● **EXERCISE**: Without the pictures, can you quote each line below exactly?

● **INFORMATION PROVIDED**:

=-=-=

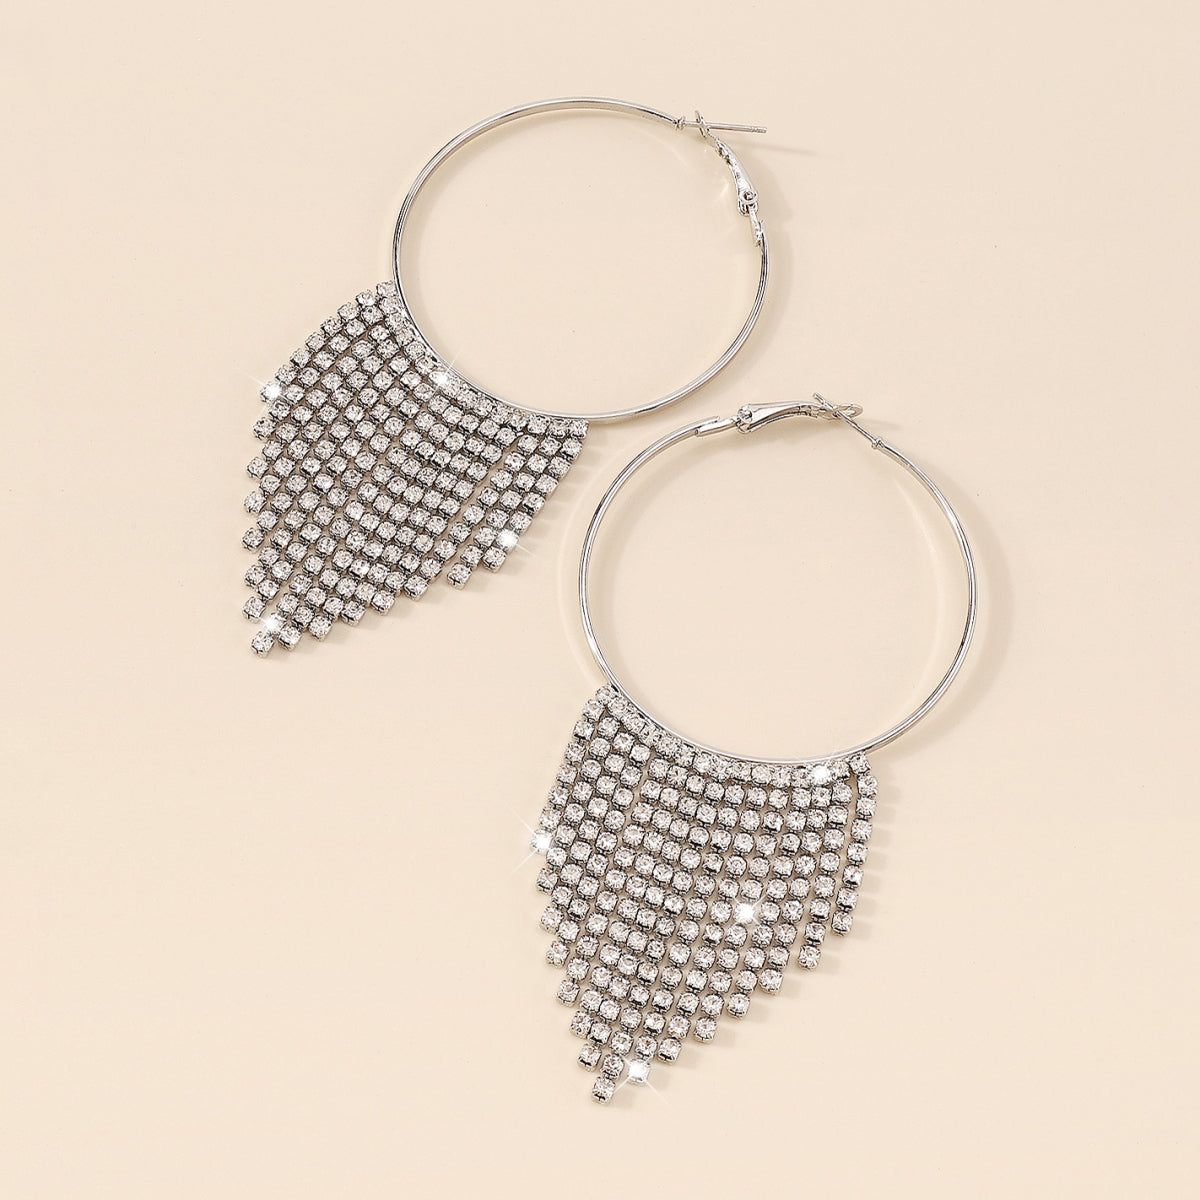 Sparkly Rhinestone Big Round Tassel Hoop Earrings medyjewelry
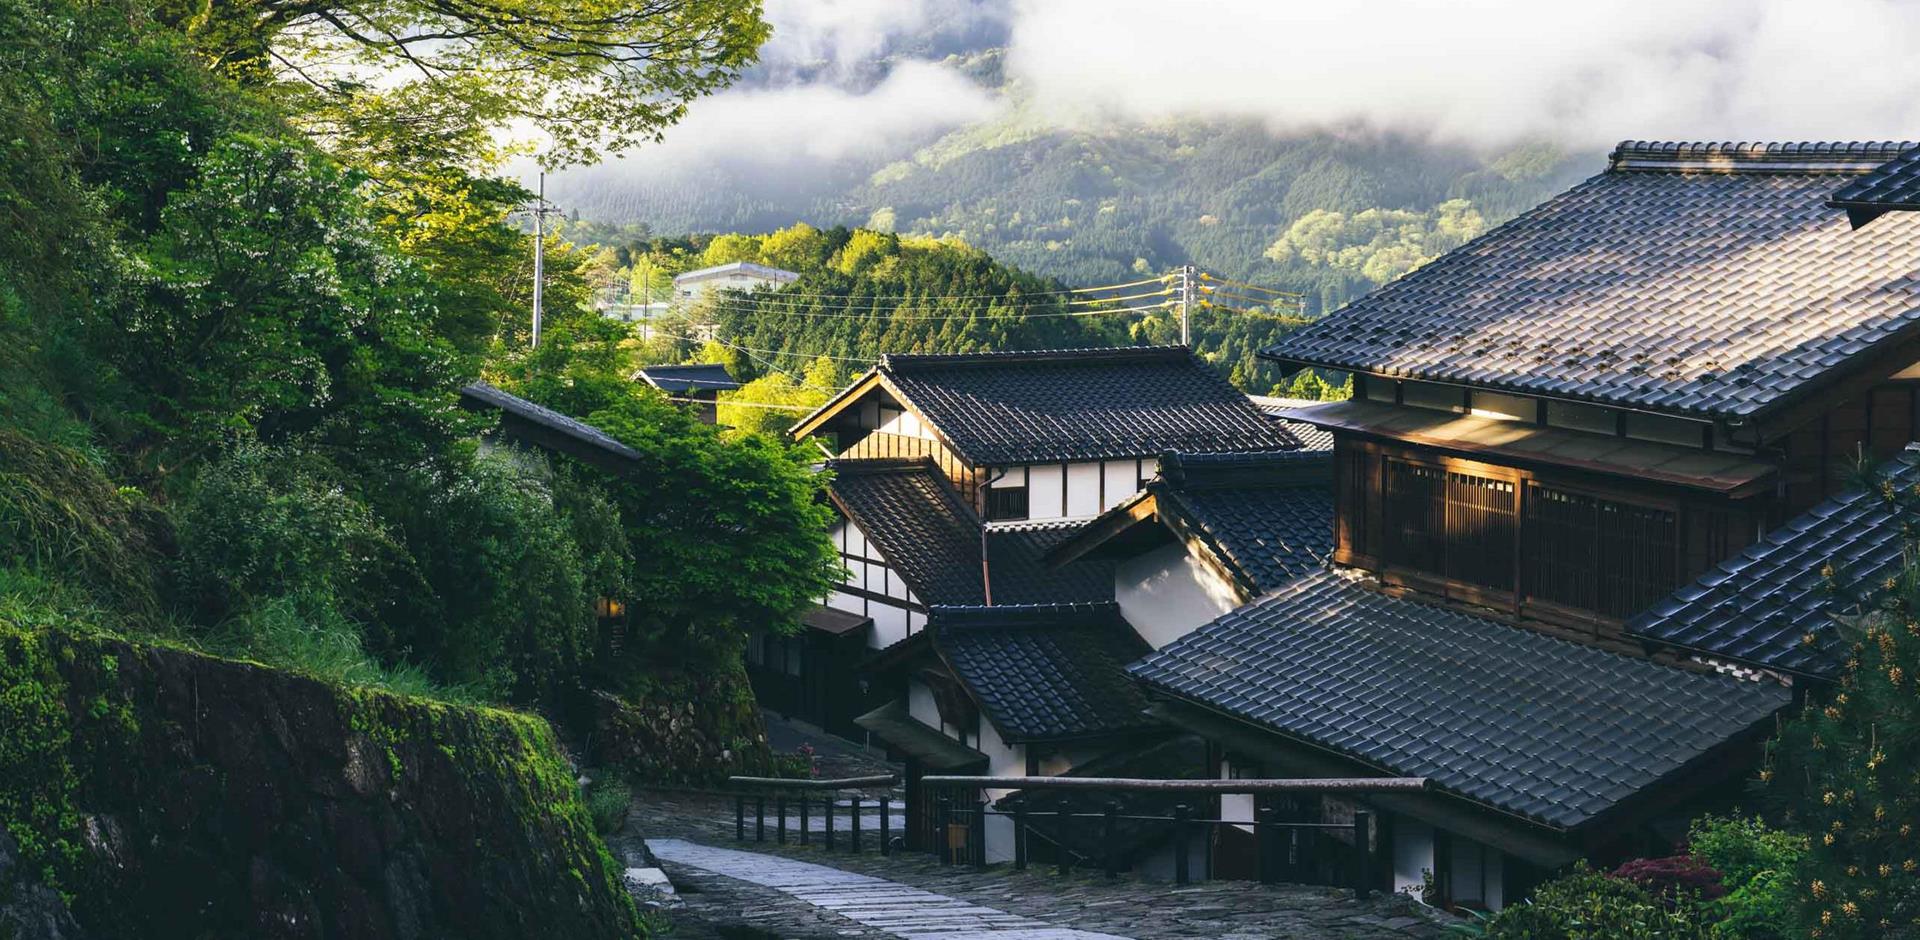 A&K itinerary: Trek the Nakasendo way, Japan
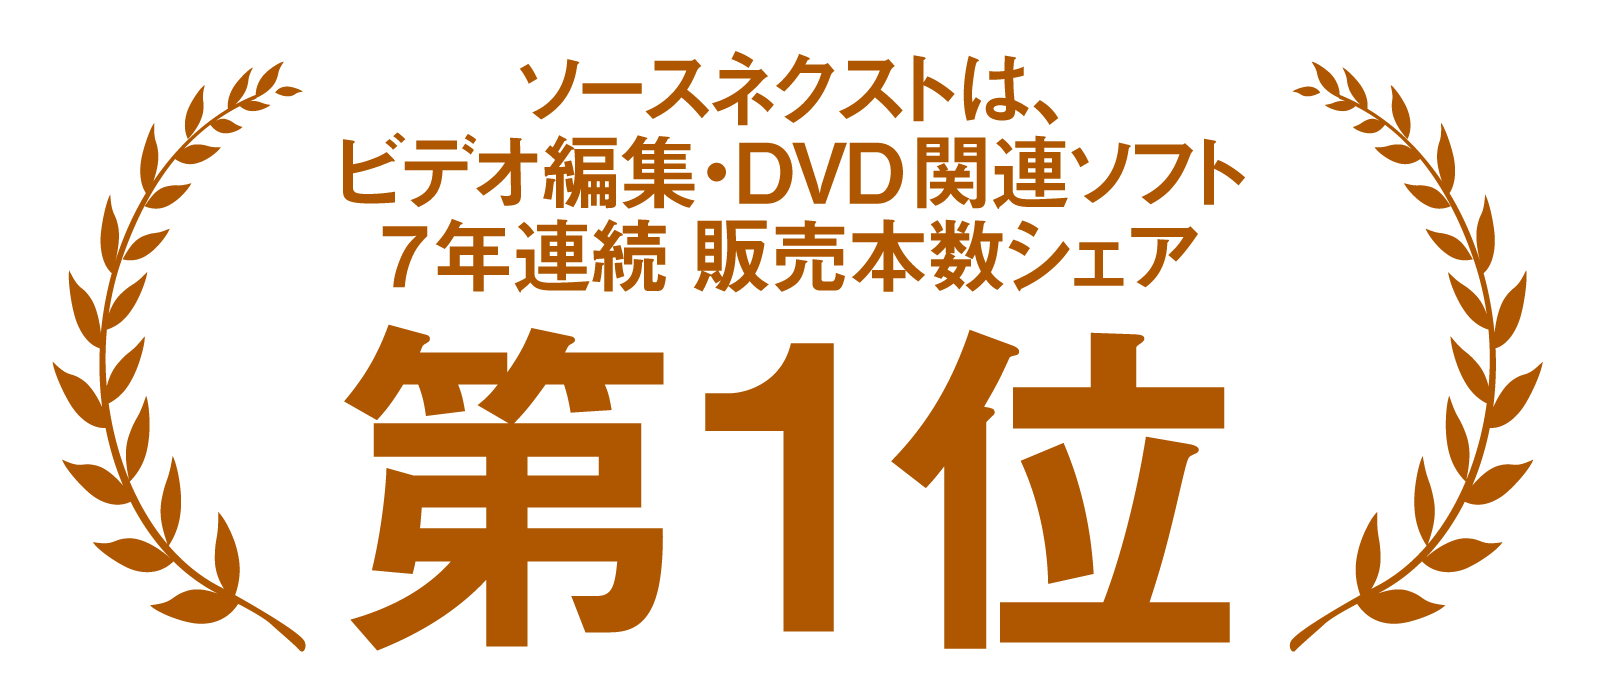 ソースネクストは、ビデオ編集・DVD関連ソフト7年連続 販売本数シェア第1位のロゴ画像
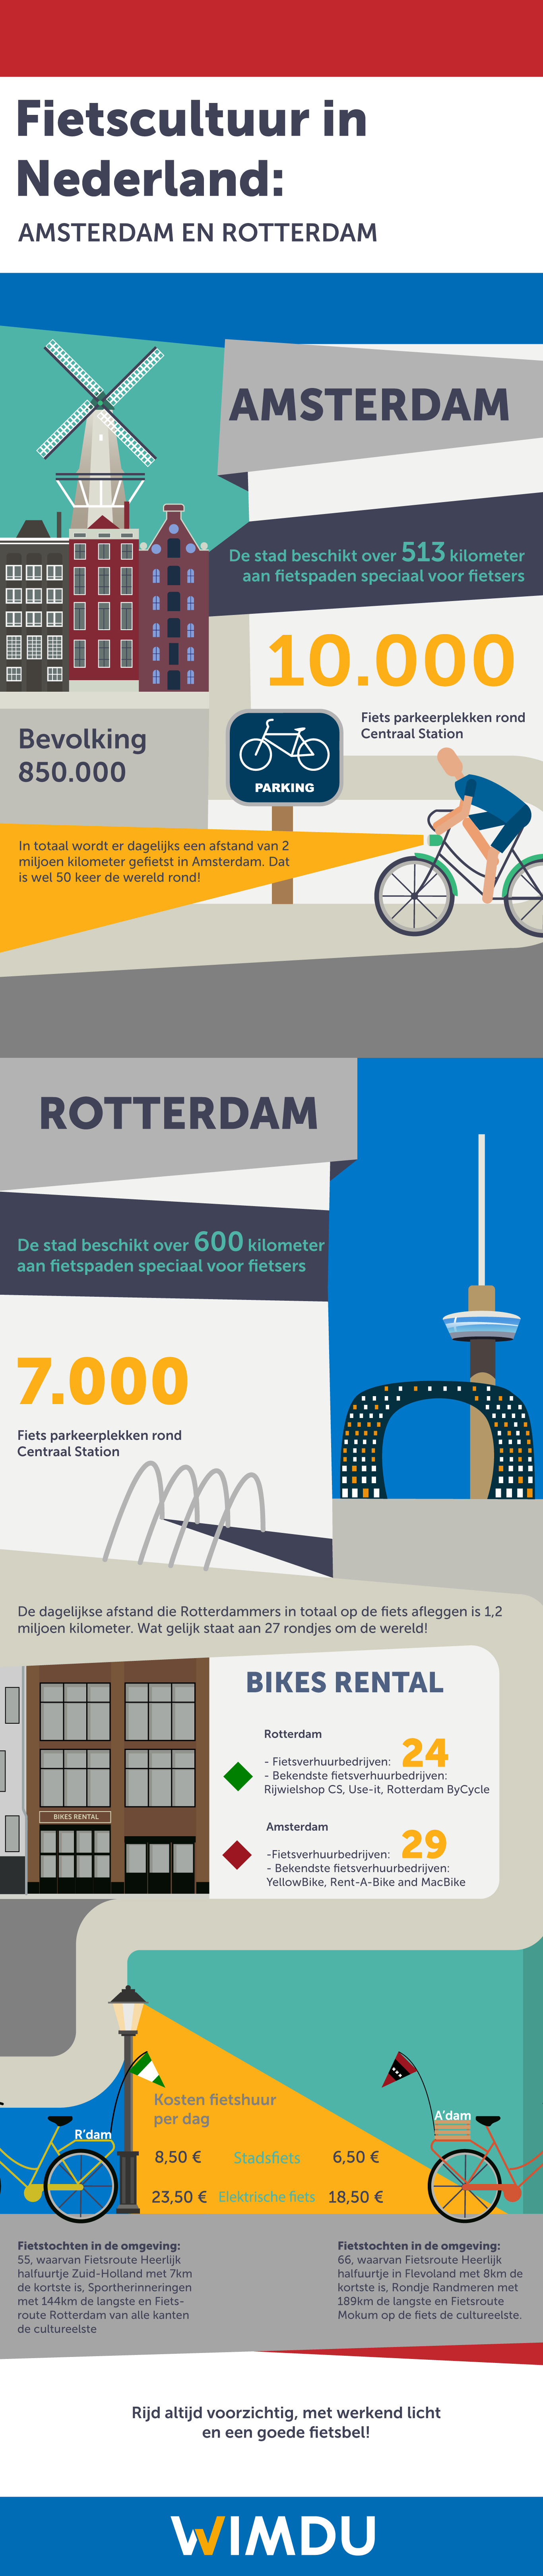 Fietscultuur in Nederland: Amsterdam en Rotterdam

=-=-=

● **SOLVED EXERCISE**:
 Sparkly Rhinestone Big Round Tassel Hoop Earrings medyjewelry
 A&K itinerary: Trek the Nakasendo way, Japan
 ソースネクストは、ビデオ編集・DVD関連ソフト7年連続 販売本数シェア第1位のロゴ画像
 Fietscultuur in Nederland: Amsterdam en Rotterdam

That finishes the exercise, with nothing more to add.